Still I found it very refreshing to read this. It is so easy to get jaded and cynical about all the new stuff but reading this was a real throw back to the time when it was all new and more importantly, all of it was actually really good and bursting with potential.

Then once you are done with the story of "A New Hope" (this comic was before that title existed) you are in "fantasy" comic world. Starting at 07 the book is now in pure imagination land, not even having a 2nd film or even a script to work off. This reminded me of when I was a kid, imaging all sorts of crazy stuff into this awesome universe which ended up being destroyed though the clarification of the latter movies

Not exactly a peck on the cheek!

This series continues for 107 volumes with Empire Strikes Back stretching across 39 - 44 and dose not even reach Jedi before the run ends.
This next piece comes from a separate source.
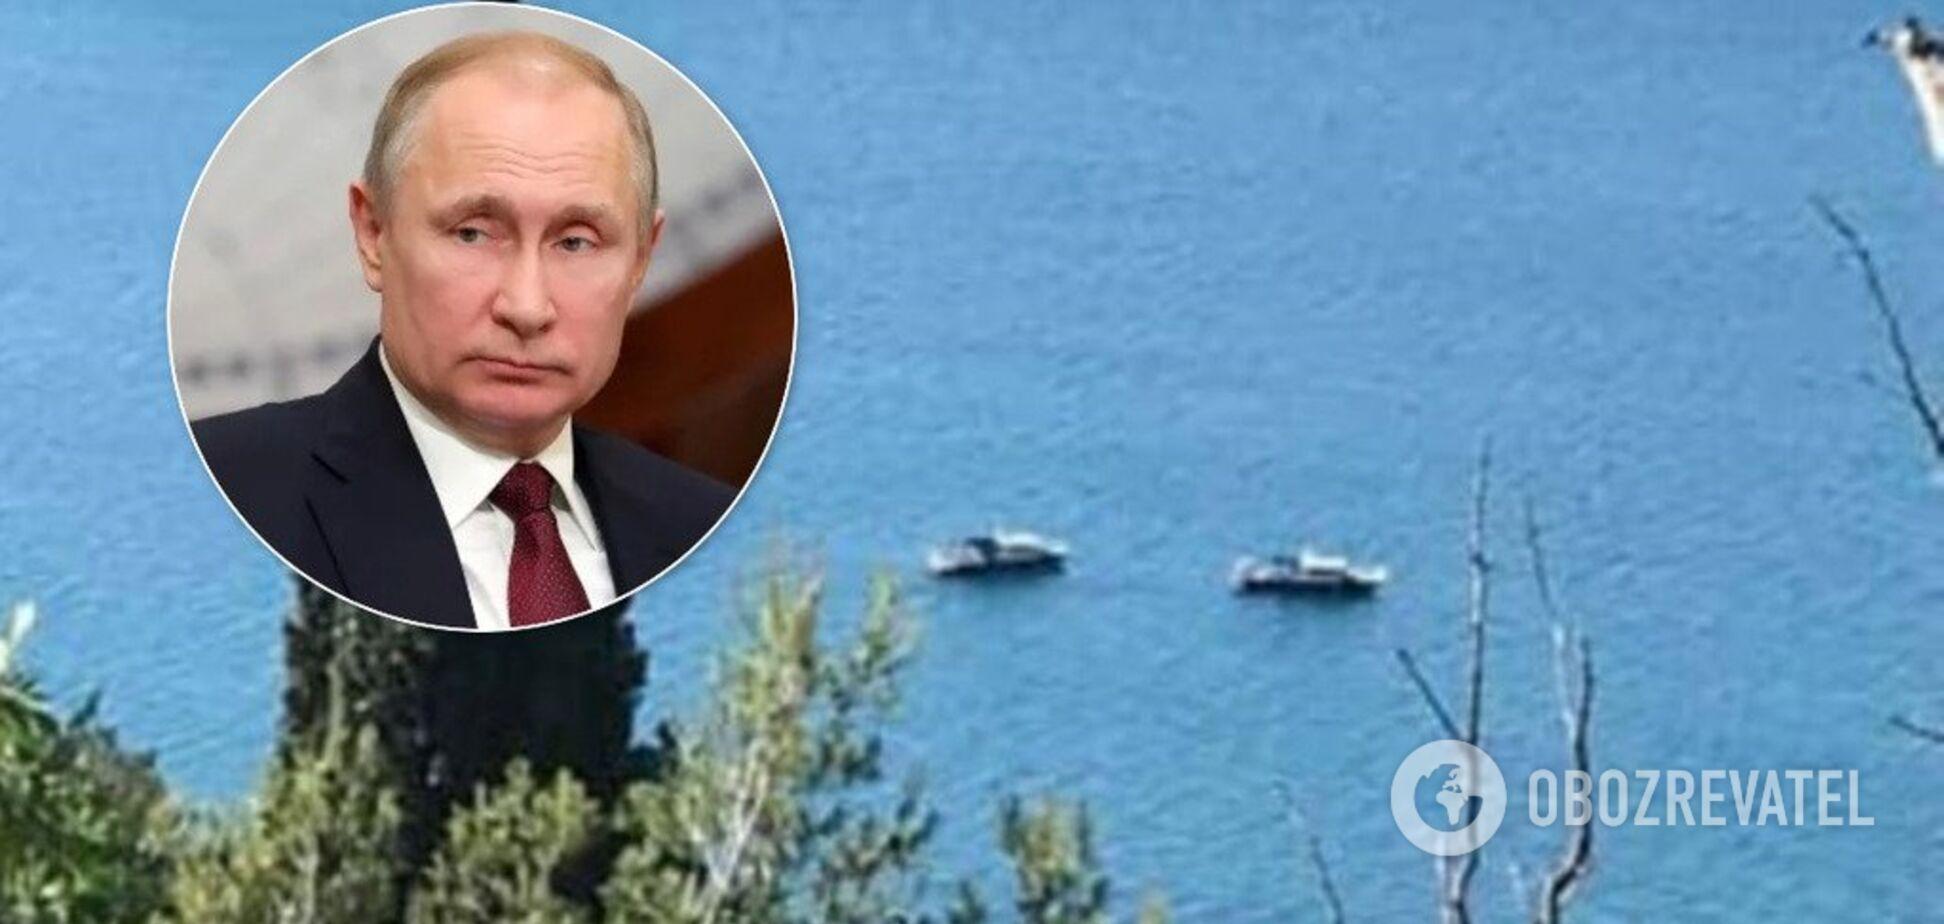 'Приехали к царю': возле 'дачи Путина' в Крыму засветились российские военные корабли
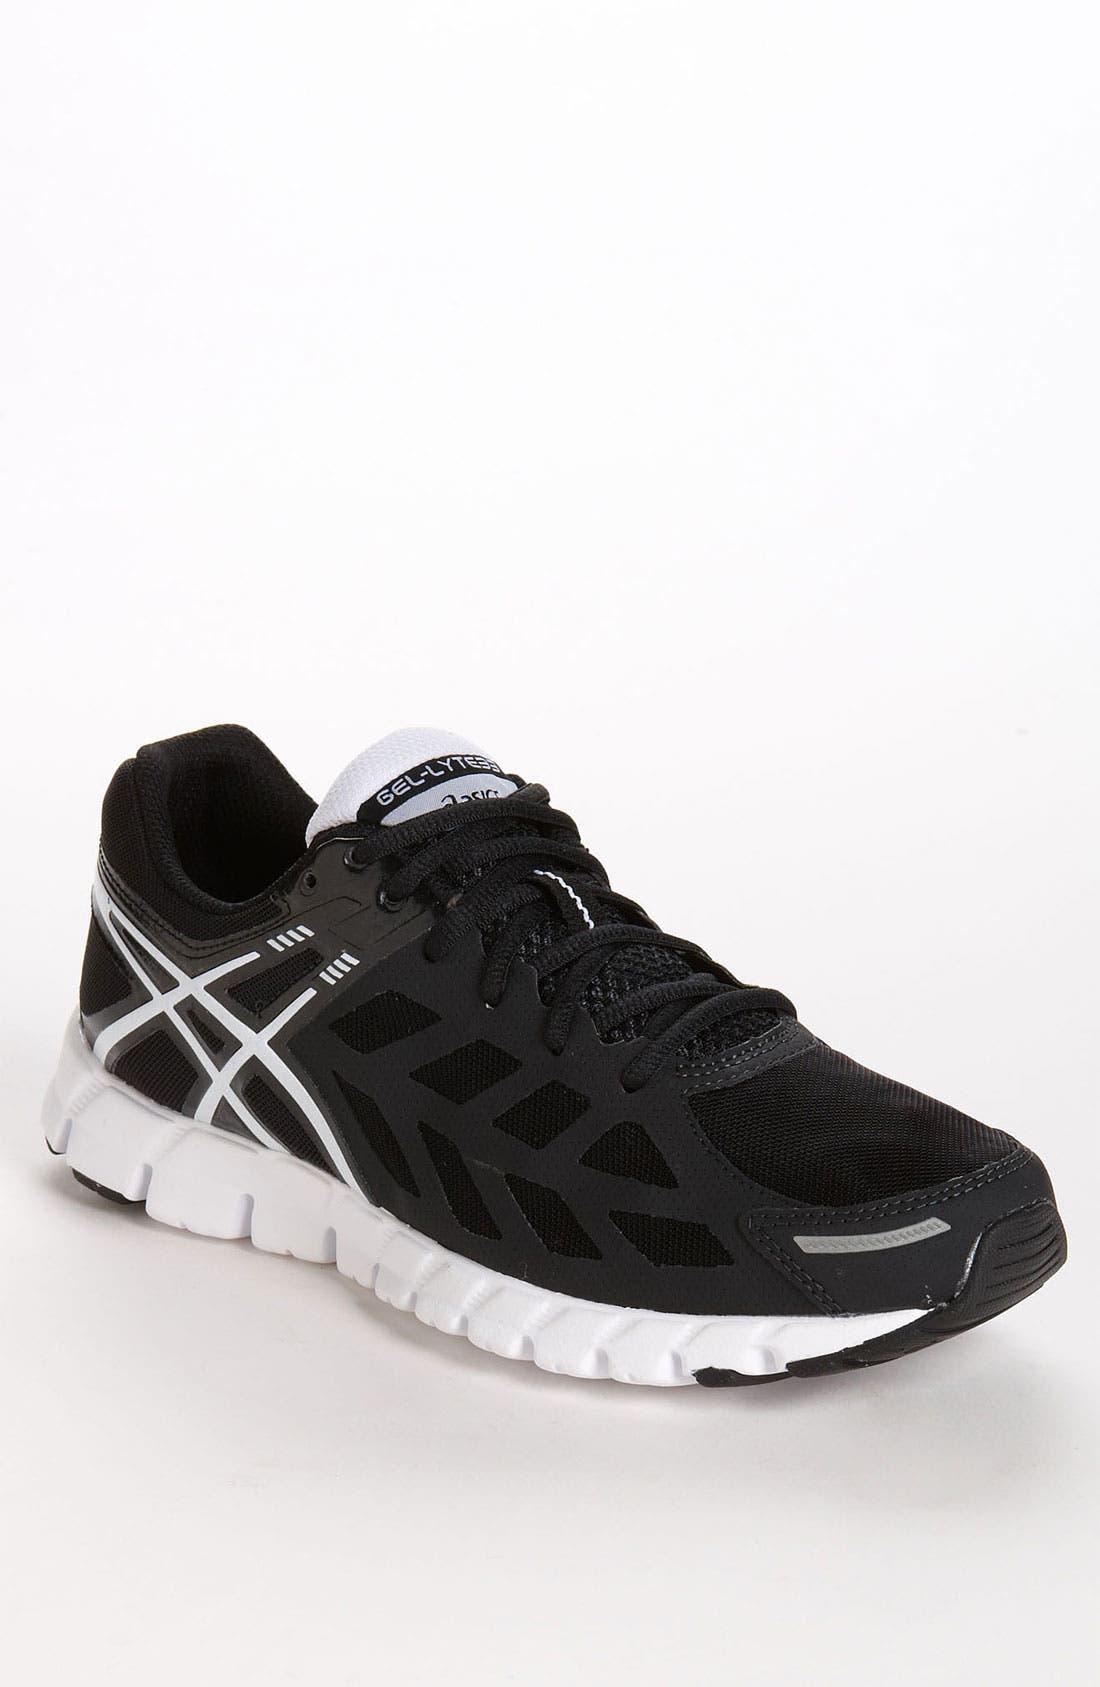 Alternate Image 1 Selected - ASICS® 'GEL-Lyte 33' Running Shoe (Men)

This is why this entire run is not considered cannon, as unlike the modern Star Wars comics it is really its own thing and I am not just talking about all the comic books (not just this one) basically having Luke and Leia fucking and then the editors doing some serious back peddling once Jedi came out!

There is a freedom to the storytelling here that I find feels very different to the modern Star Wars Universe comics I have read. No restrictions, no worrying about cannon and self-referential histories, just making shit up be cool and it is cool.


Can not be Recommend enough... A Must Read!




Oh yeah.... Only working of scripts.. never seeing the film.. Han shoots first... suck on that revisionist cunts!